With the advancement of deep learning technologies, specialized neural processing hardware such as Brain Processing Units (BPUs) have emerged as dedicated platforms for CNN acceleration, offering optimized INT8 computation capabilities for convolutional operations. Meanwhile, Vision Transformer (ViT) models, such as the Data-efficient Image Transformer (DeiT), have demonstrated superior performance and play increasingly crucial roles in computer vision tasks.

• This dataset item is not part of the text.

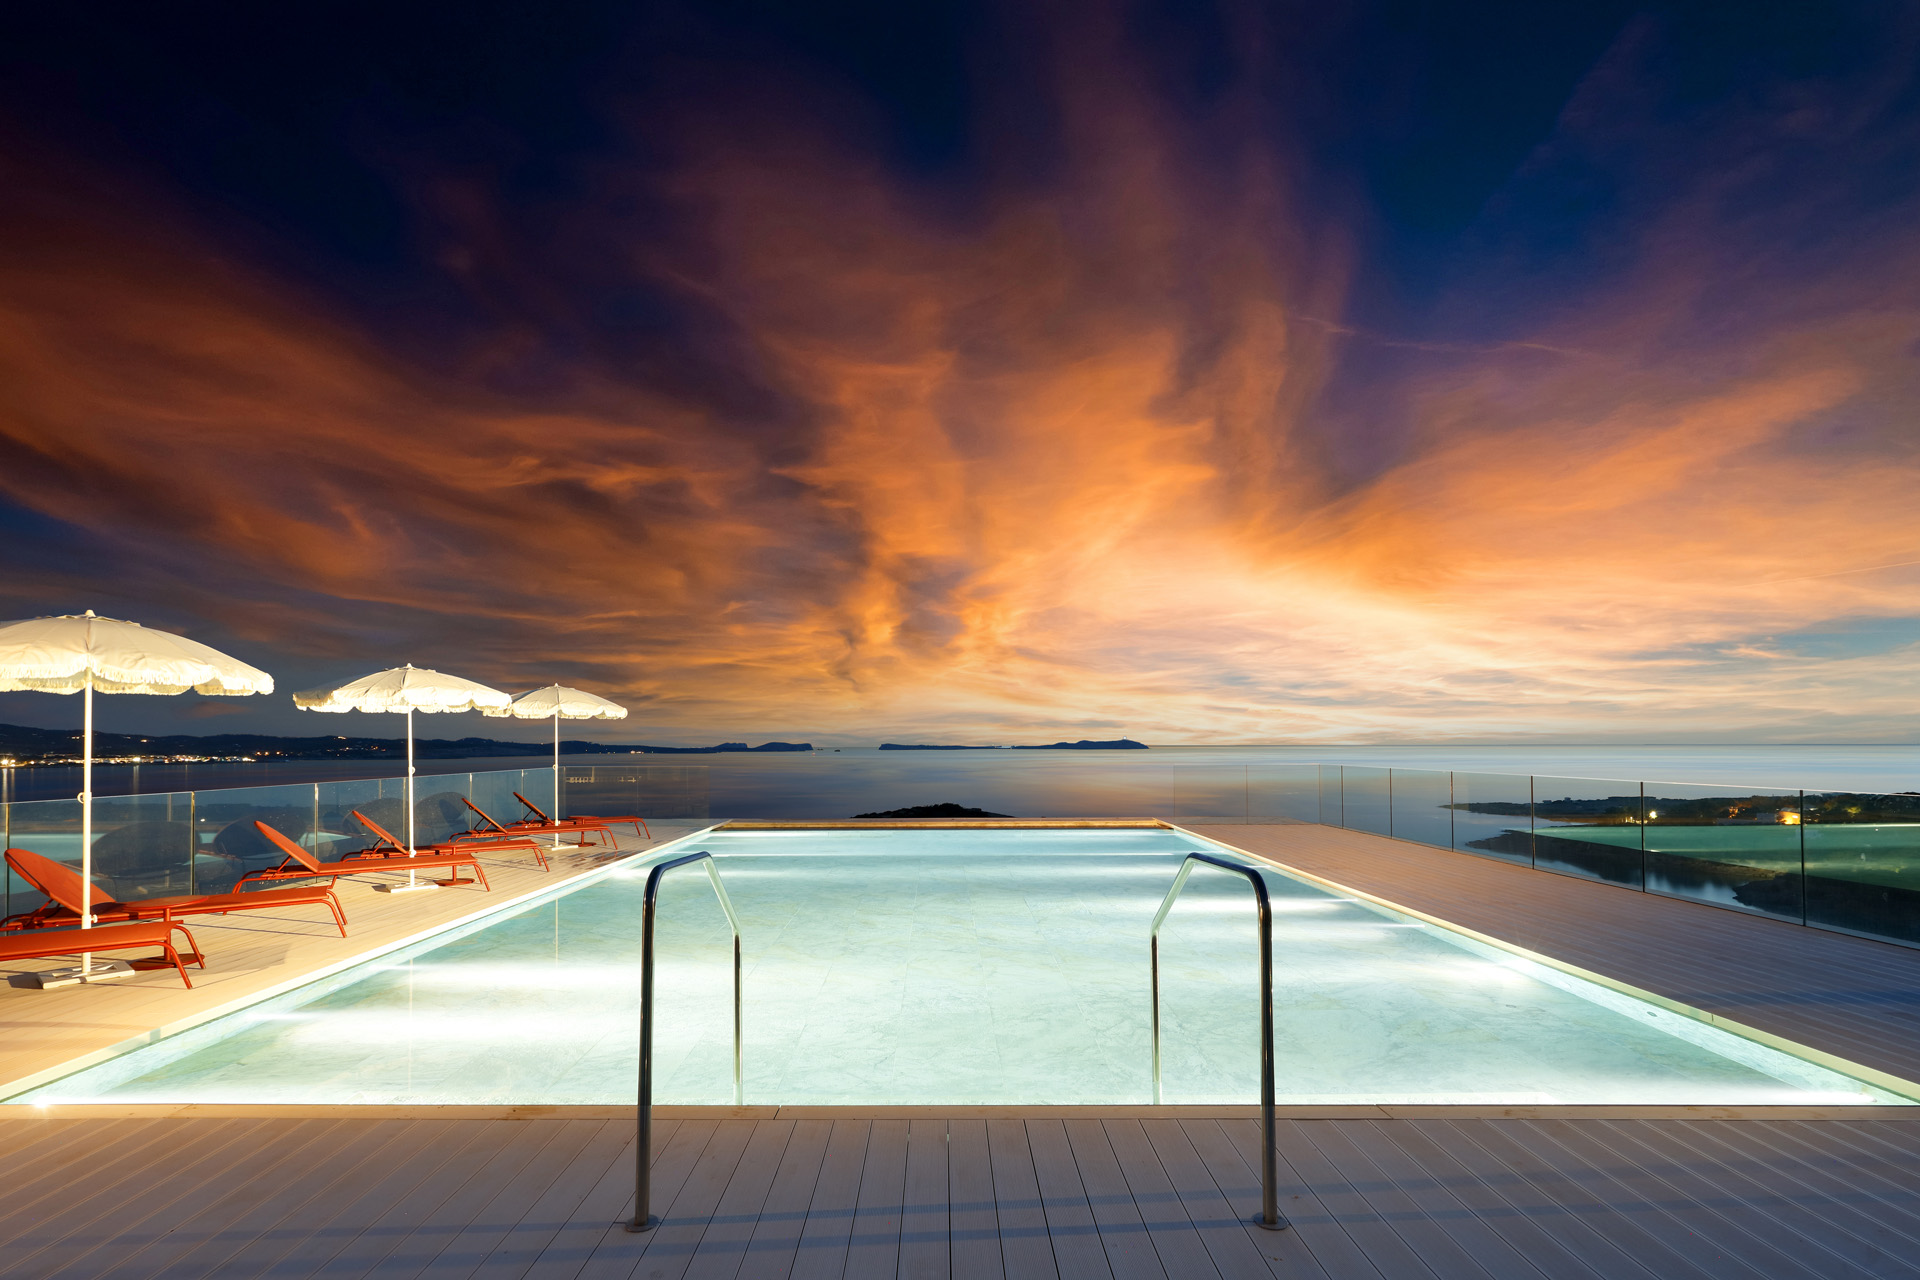 Sunset over the pool at TRS Ibiza Hotel

However, due to the architectural mismatch between CNN-optimized hardware and Vision Transformer computation characteristics--namely, that linear layers in Transformers operate on three-dimensional data while BPU acceleration is designed for four-dimensional convolution operations-it is difficult or even impossible to leverage BPU's advantages when deploying Vision Transformers. To address this challenge, we propose a novel approach that restructures the Vision Transformer by replacing linear layers and layer normalization operations with carefully designed convolutional operators. This enables DeiT to fully utilize the acceleration capabilities of BPUs, while allowing the original weight parameters to be inherited by the restructured models without retraining or fine-tuning. To the best of our knowledge, this is the first successful deployment of Vision Transformers that fully leverages BPU classification datasets demonstrate the effectiveness of our approach. Specifically, the quantized DeiT-Base model achieves 80.4% accuracy on ImageNet, compared to the original 81.8%, while obtaining up to a 3.8* inference speedup. Our finetuned DeiT model on the flower classification dataset also achieves excellent performance, with only a 0.5% accuracy drop for the DeiT-Base model, further demonstrating the effectiveness of our method.